Китти. Мемуарная проза княжны Мещерской
Шрифт:
Дима любил меня так, как любит самый нежный и заботливый отец свою дочь. И теперь, затеяв ремонт нашей комнаты, он думал только о том, чтобы я была изолирована от всяких забот, не говоря уже о работе.
В ту зиму я перенесла тяжелое воспаление легких с осложнением на сердце, и после длительного больничного листа врачи дали мне 6 месяцев инвалидности (для поправки).
— Вот что, — наконец решил Дима, — завтра… — туг он взглянул на календарь, — завтра 13-е ноября. Забирай-ка свой большой чемодан, укладывай в него все для тебя необходимое и поезжай-ка на все эти дни жить к Валюшке. И нам без тебя здесь попросторней будет, и тебе там хорошо. А когда вернешься, у нас уже будет здесь все готово.
Надо ли было дважды повторять мне такое заманчивое предложение? Надо ли описывать, как этому известию обрадовалась Валя?..
Мама всегда осуждала Диму за его «чрезмерную», как она выражалась, любовь ко мне. И теперь, услышав его слова, она строго нахмурила брови, покачала головой, хотя и не сказала ни слова.

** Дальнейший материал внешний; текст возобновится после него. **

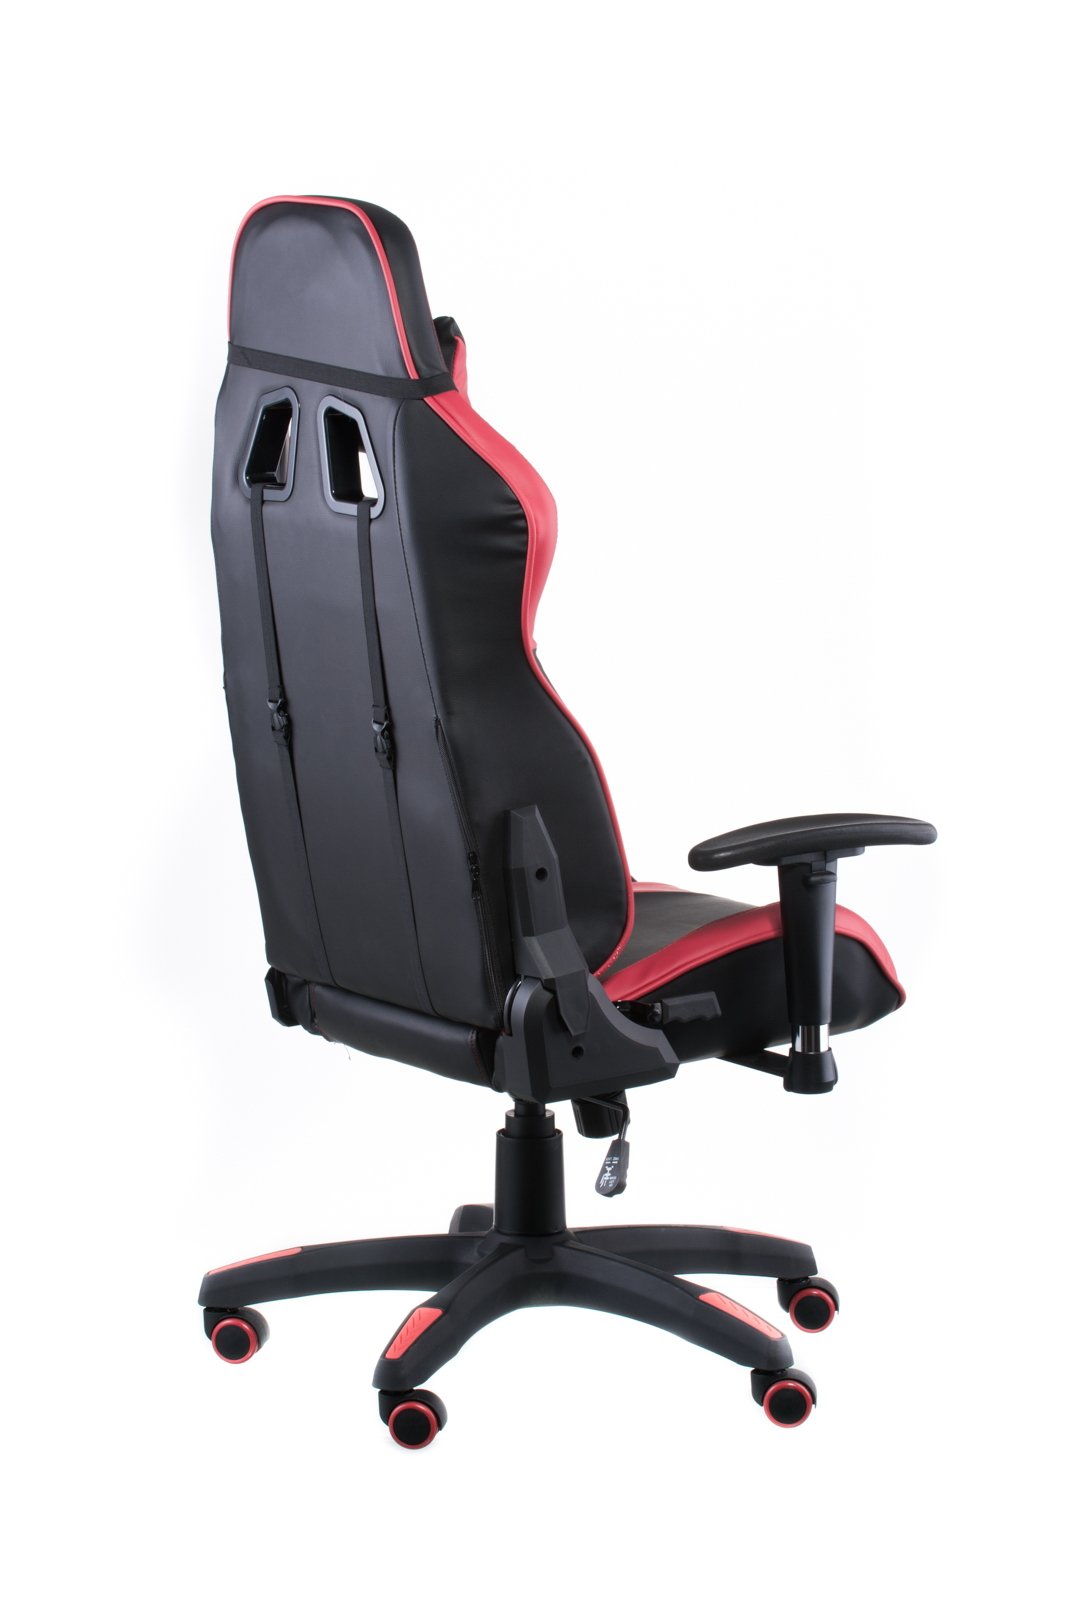 Геймерское кресло Special4you ExtremeRace черное с красным (E4930) - фото 5

Я же с той минуты, прямо с вечера, начала укладываться. На сердце стало радостно, тревожно и легко; мне казалось, я еду в какое-то дальнее, прекрасное, волшебное путешествие.
На другой день, 13 ноября, я уже переехала в Средне-Кисловский. У меня были всегда вторые ключи от Валяной комнаты, и я приехала с утра, пока она была на службе. Разложила, привезенные вещи, повесила свои платья в гардероб, устроила свою постель на тахте, против ее дивана, на котором она спала, и приготовила незатейливый обед. Какое это было счастье — хотя бы несколько дней пожить «студенческой жизнью»! Надоел мне ехидный Пряник-Тинныч, надоел не всегда умный Гуруни, надоела мама с ее вечными нотациями и поучениями, с фанатической верой, с обрядностями, доходящими порой до глупости, и даже Дима, безумно любящий меня, — надоел!..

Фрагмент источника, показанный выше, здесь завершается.